Alex is Sprintlaw's co-founder and principal lawyer. Alex previously worked at a top-tier firm as a lawyer specialising in technology and media contracts, and founded a digital agency which he sold in 2015.
If you employ staff in New Zealand, public holidays can be one of those payroll areas that feels simple until you’re actually staring at a timesheet and wondering what you’re meant to pay.
Between “time and a half”, “relevant daily pay”, irregular rosters, and alternative holidays (lieu days), it’s easy for small business owners to get caught out - especially when your team works shifts, varies their hours, or earns commissions or allowances.
This guide breaks down a practical public holiday pay calculator New Zealand approach, so you can confidently work out what your employee should be paid when:
- they don’t work the public holiday but it would have been a normal working day,
- they work the public holiday,
- they’re entitled to an alternative holiday,
- their hours and pay vary week to week,
- the public holiday occurs during annual leave, sick leave, or other leave, and
- employment ends and you need to deal with any unused alternative holidays.
We’ll keep this practical, employer-focused, and aligned with the Holidays Act 2003 (the key law that governs public holiday entitlements in NZ). This article is general information only and isn’t legal advice.
What Counts As A Public Holiday And When Do You Have To Pay?
In New Zealand, employees can be entitled to paid public holidays if the public holiday falls on a day that would “otherwise be a working day” for them.
That “otherwise working day” concept is the first decision point in any public holiday pay calculator New Zealand workflow.
Step 1: Is It An “Otherwise Working Day” For That Employee?
As an employer, you’ll usually look at things like:
- the employee’s roster or agreed work pattern
- their employment agreement terms
- the days they typically work
- whether they were scheduled to work that day (or likely would have been, if not for the public holiday)
If the public holiday is not an otherwise working day, generally you don’t have to pay the employee for that day (even though it’s a public holiday).
If it is an otherwise working day, then you generally must pay them - and the exact method depends on whether they worked or didn’t work on the day.
Tip: This is one reason it’s worth having clear, tailored Employment Contract terms around hours, rosters, and how variations are managed. It can prevent disputes when public holidays roll around.
How To Calculate Public Holiday Pay If The Employee Doesn’t Work
If the public holiday is an otherwise working day for the employee, and they do not work on the public holiday, you generally pay them either:
- Relevant Daily Pay (RDP), or
- Average Daily Pay (ADP) (only if RDP can’t be worked out or isn’t practical).
This is the core “pay the employee what they would have earned” principle under the Holidays Act 2003.
Relevant Daily Pay (RDP): The Default Method
Relevant daily pay is what the employee would have earned if they had worked that day. It can include more than just base wages.
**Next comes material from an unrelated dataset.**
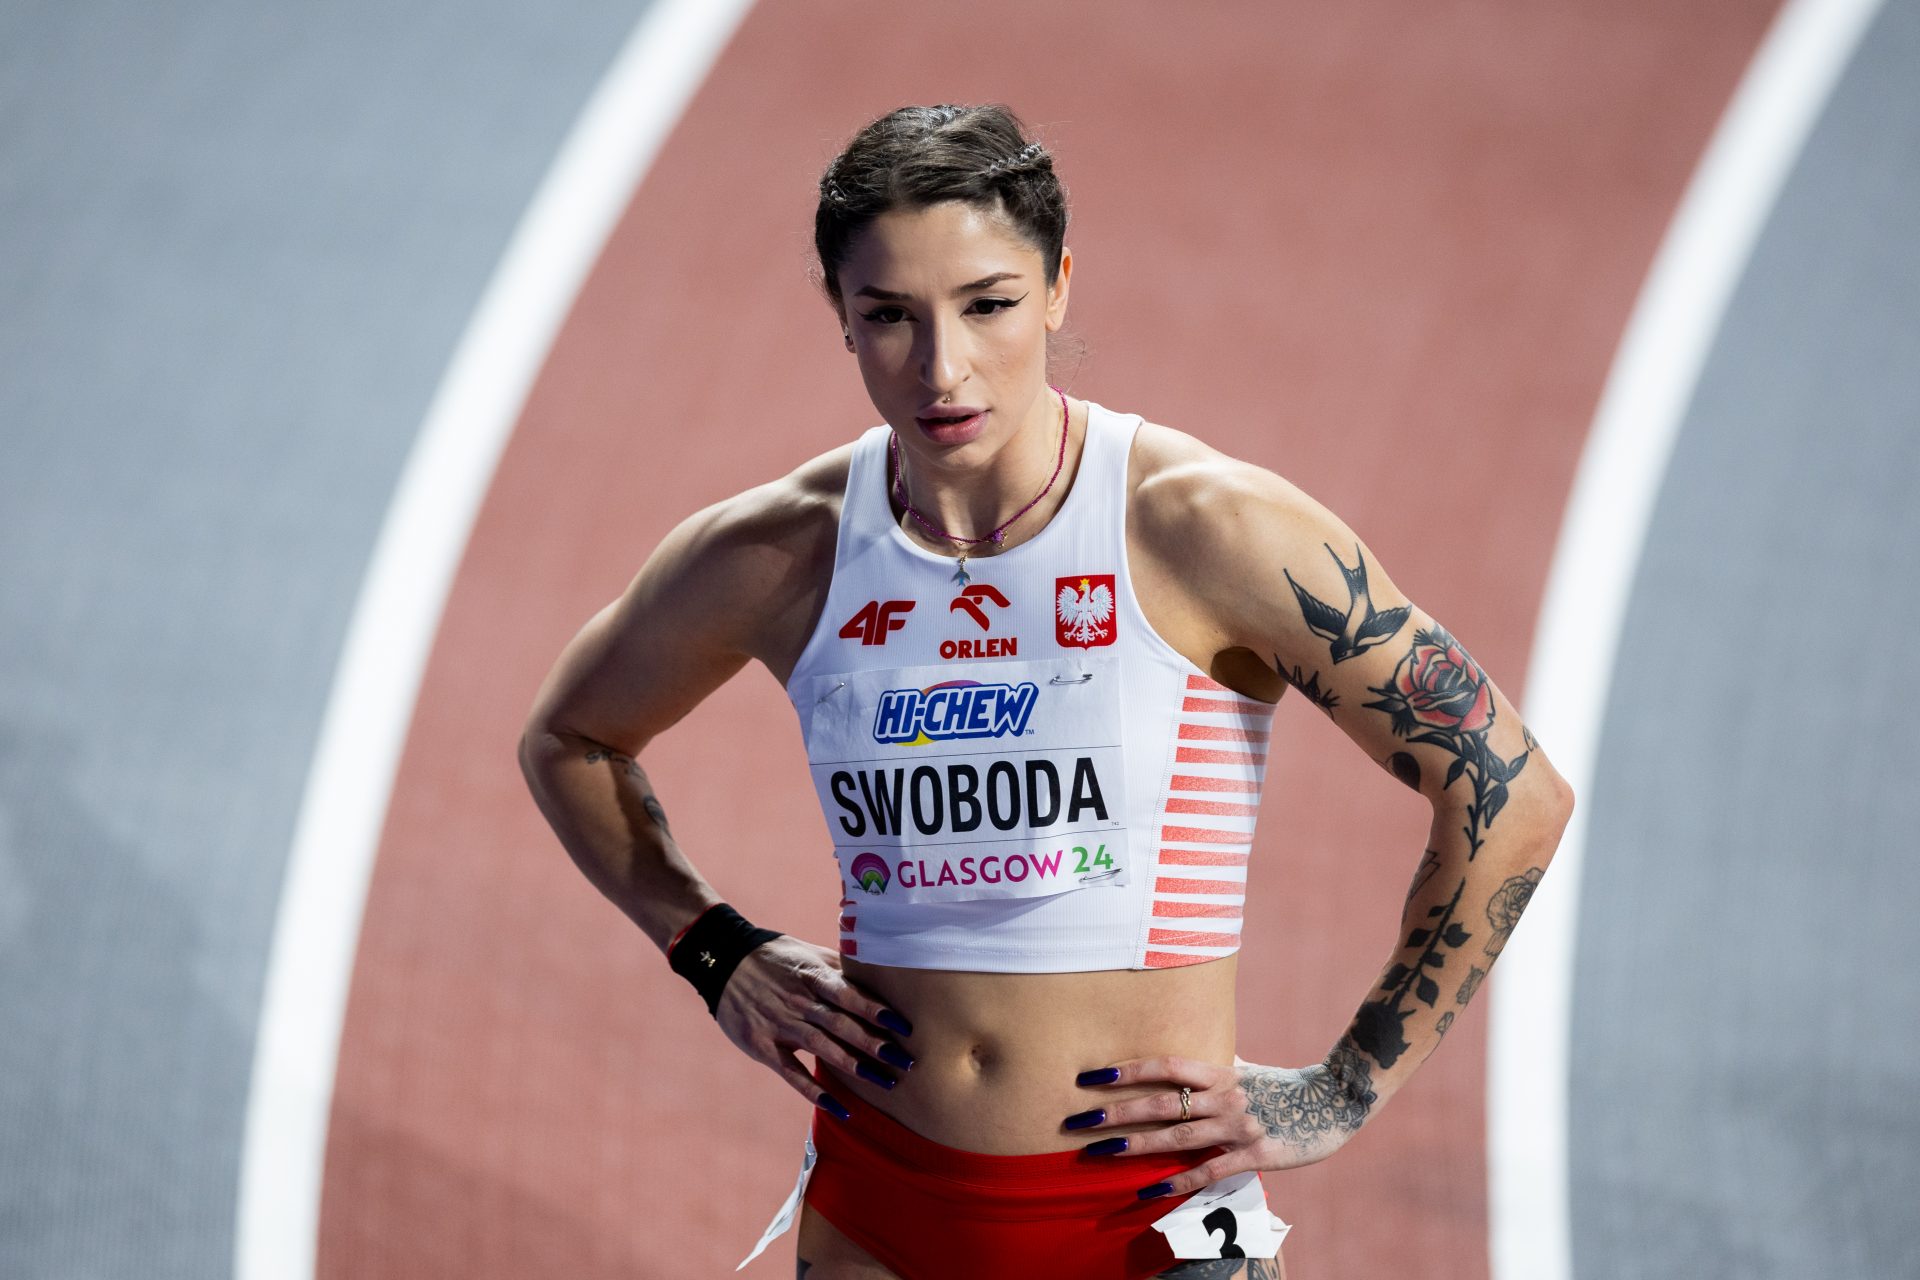 La velocista polacca diventata un fenomeno di Instagram: chi è Ewa Swoboda

Depending on their role and pay structure, RDP may include:
- their normal hourly wage or salary portion for that day
- regular allowances (if they would have been paid that day)
- incentive-based payments (including commission) if they are a regular part of what the employee would have earned on that day
- overtime, but only if overtime would have been worked on that day as part of their usual pattern
In practice, employers often get stuck here when pay varies due to commissions, bonuses, or unpredictable shift lengths. If that sounds like your workplace, it’s worth reviewing how your payroll system and policies treat variable earnings. A clear Workplace Policy can help keep your approach consistent (and defensible) across the team.
Average Daily Pay (ADP): The Backup Method
Average daily pay is used when RDP is not possible or not practical to calculate. ADP is basically an average of the employee’s gross earnings per day over the relevant period, calculated in line with the Holidays Act rules.
Common examples where ADP may be needed include:
- highly variable hours (e.g. a genuinely irregular roster)
- highly variable earnings (e.g. fluctuating piece rates or commission)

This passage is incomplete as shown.